While the genetics of AS is well understood, several important questions remain: which downstream targets of UBE3A are critical to the pathogenesis of AS?; can human AS therapies be developed that specifically block the UBE3A-ATS?; can circadian alterations in AS be targeted for therapies?

Four major questions underlie the genetics of Dup15q: which genes in the 15q11–q13 region contribute to the syndrome?; which specific genes contribute to specific features?; what is the effect of their increased dosage on the rest of the genome?; what are the epistatic effects of other genes on those in the 15q11–q13 region?

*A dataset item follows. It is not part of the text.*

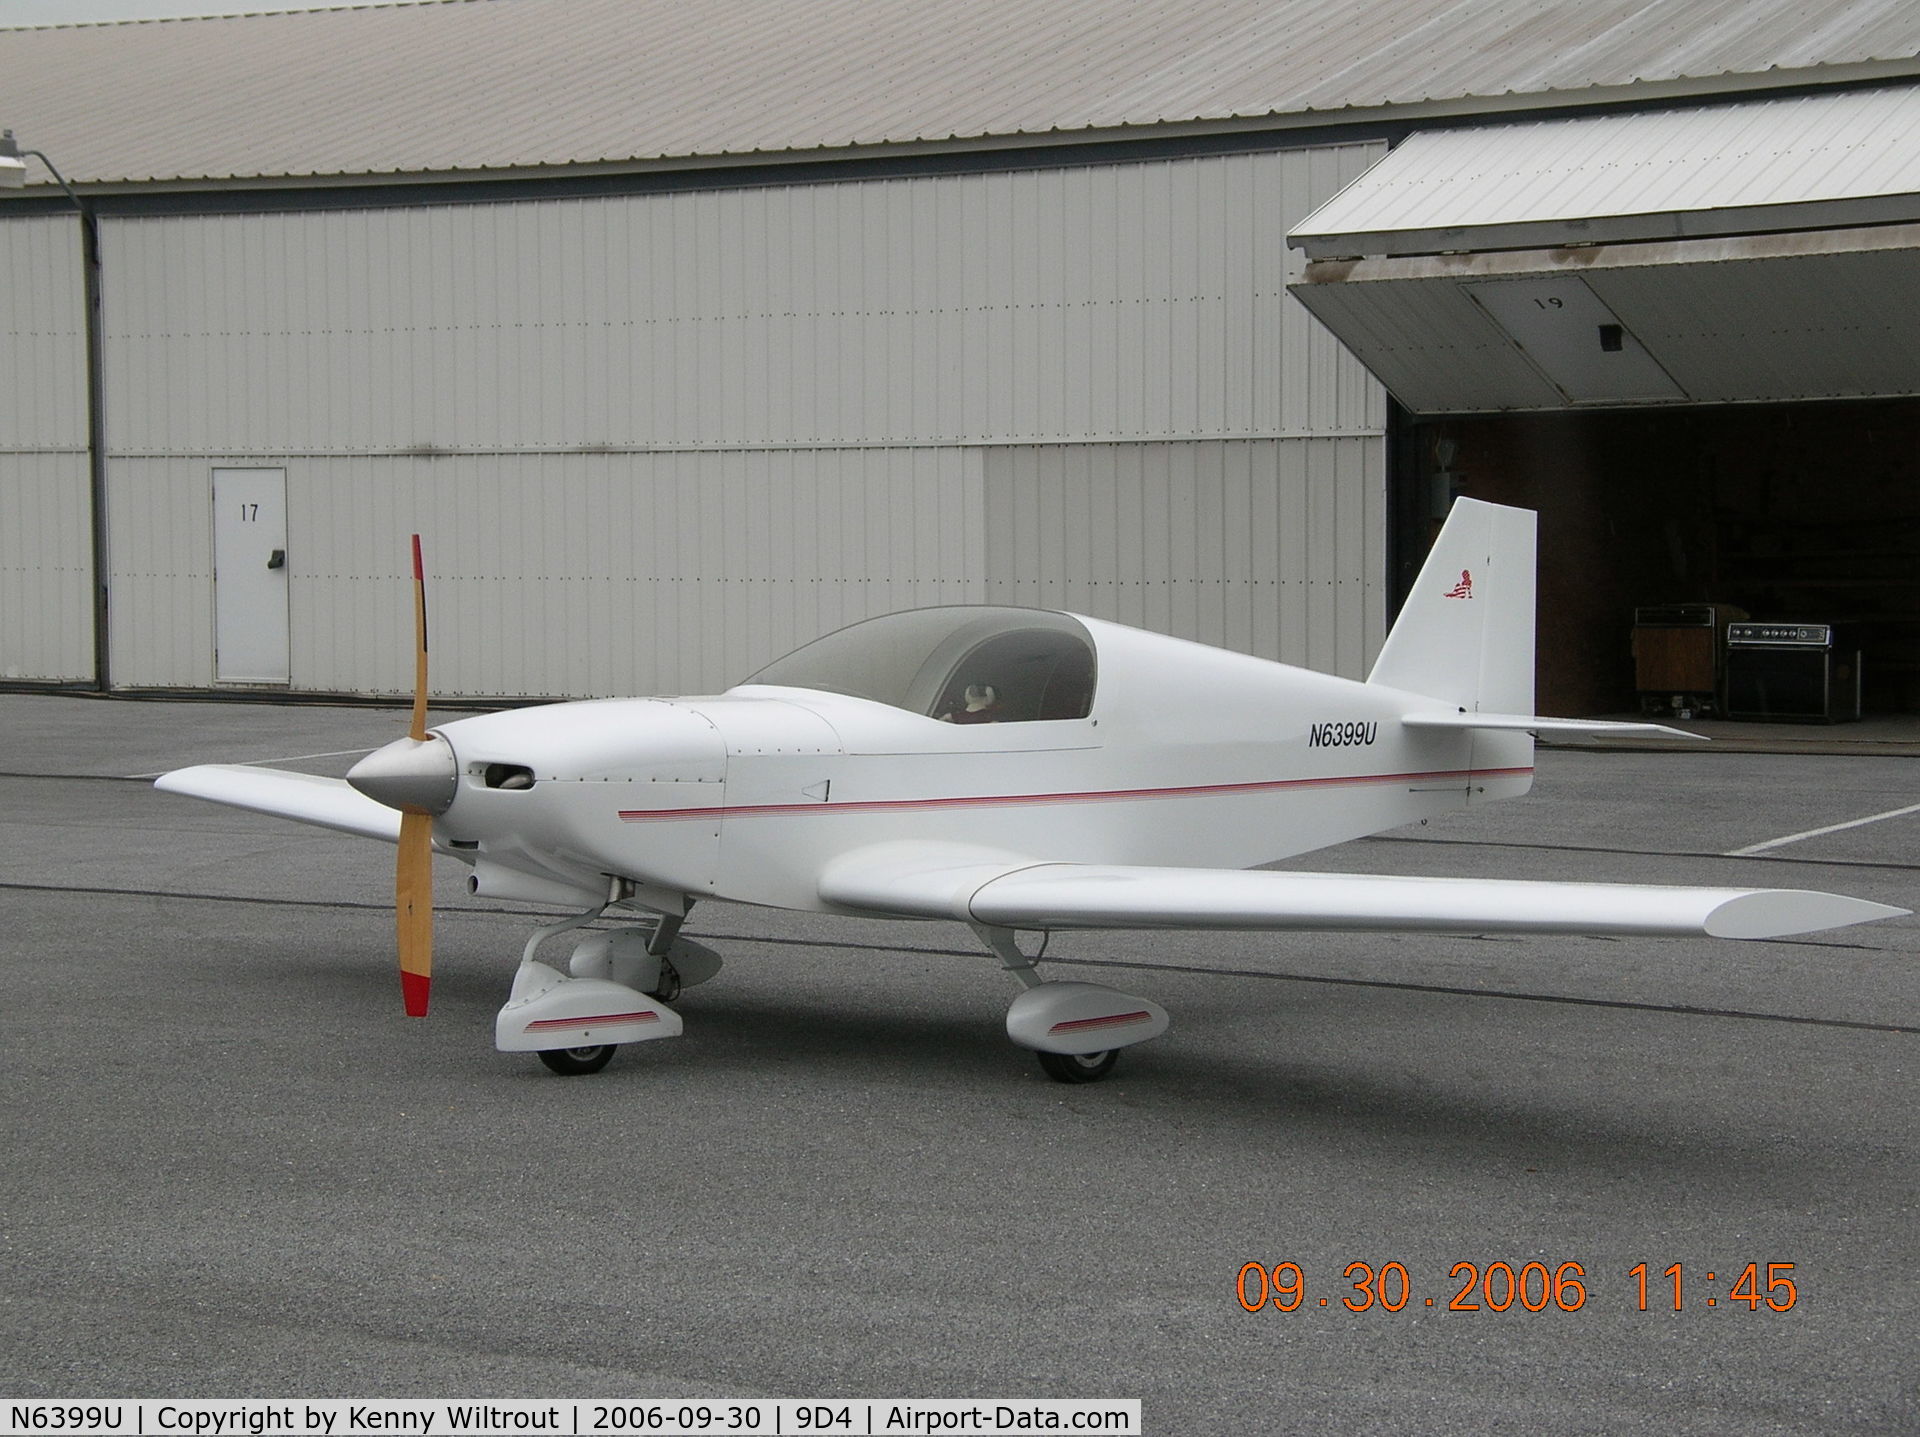 N6399U, 2001 Rand Robinson KR-2S C/N 514, Experimental KR2S

The observation of Dup15q syndrome in individuals with maternally but not paternally inherited duplications of chromosome 15q11–q13, suggest that UBE3A drives the ASD phenotype in this disorder [94]. The phenotypes associated with paternal 15q11–q13 duplications are therefore likely to be caused by genes other than UBE3A. Furthermore, a mouse model suggests that Ube3a plays a major role in the autism phenotype associated with Dup15q [103]. Secondly, a 15q12.2 duplication spanning only UBE3A was associated with a neuropsychiatric phenotype only when maternally inherited [98]. The influence of increased UBE3A on the expression of other synaptic genes throughout the genome remains an important area for future research.

It will be critical to identify the protein targets of UBE3A essential for the molecular pathogenesis of both Dup15q and AS. The direct binding of HERC2 to UBE3A both in vitro and in vivo provides compelling evidence that this interaction is indeed regulatory, although perhaps not through the ubiquitin ligase function of HERC2 [33]. Notably, mutations in HERC2 can cause an Angelman-like syndrome in humans [112], suggesting that the regulation of UBE3A by HERC2 is involved in at least some aspects of the syndrome. Furthermore, elucidation of the role of nuclear and transcriptional targets of UBE3A will be needed to comprehend largescale transcriptional deficits in Dup15q syndrome.

A better understanding of the projected role for UBE3A in circadian rhythms may help improve treatments for the sleep and cognitive deficits in both AS and Dup15q syndrome. Interestingly, the paternal noncoding 116HG transcript also plays a role in dampening transcription of diurnally regulated genes that are activated by BMAL in the mouse cortex [69]. Together the circadian findings in both AS and PWS suggest that the maternally and paternally derived gene products may have counteracting feedback loops regulating circadian metabolic cycles that should be explored in future studies.

Executive summary.

• UBE3A is an E3 ubiquitin ligase and many of its protein targets are part of the ubiquitin proteasome system with widespread effects on protein levels throughout the cell and at the neuronal synapse.

• Another role for UBE3A in transcriptional regulation of nuclear steroid hormone receptors may contribute to the UBE3A-associated phenotypes in humans and mouse models.

• UBE3A is an abundant protein in cytosolic and nuclear compartments and at both the pre- and post-synaptic locations, and thus may play a diverse role in multiple cellular and transcriptional events in neurodevelopment.

• The epigenetic influences on UBE3A levels in neurons are complex, involving parental imprinting patterns inherited from oocytes and noncoding RNAs specific to neurons.

• Angelman and Dup15q syndromes are disorders of maternal UBE3A deficiency or overexpression with distinct but partially overlapping clinical features.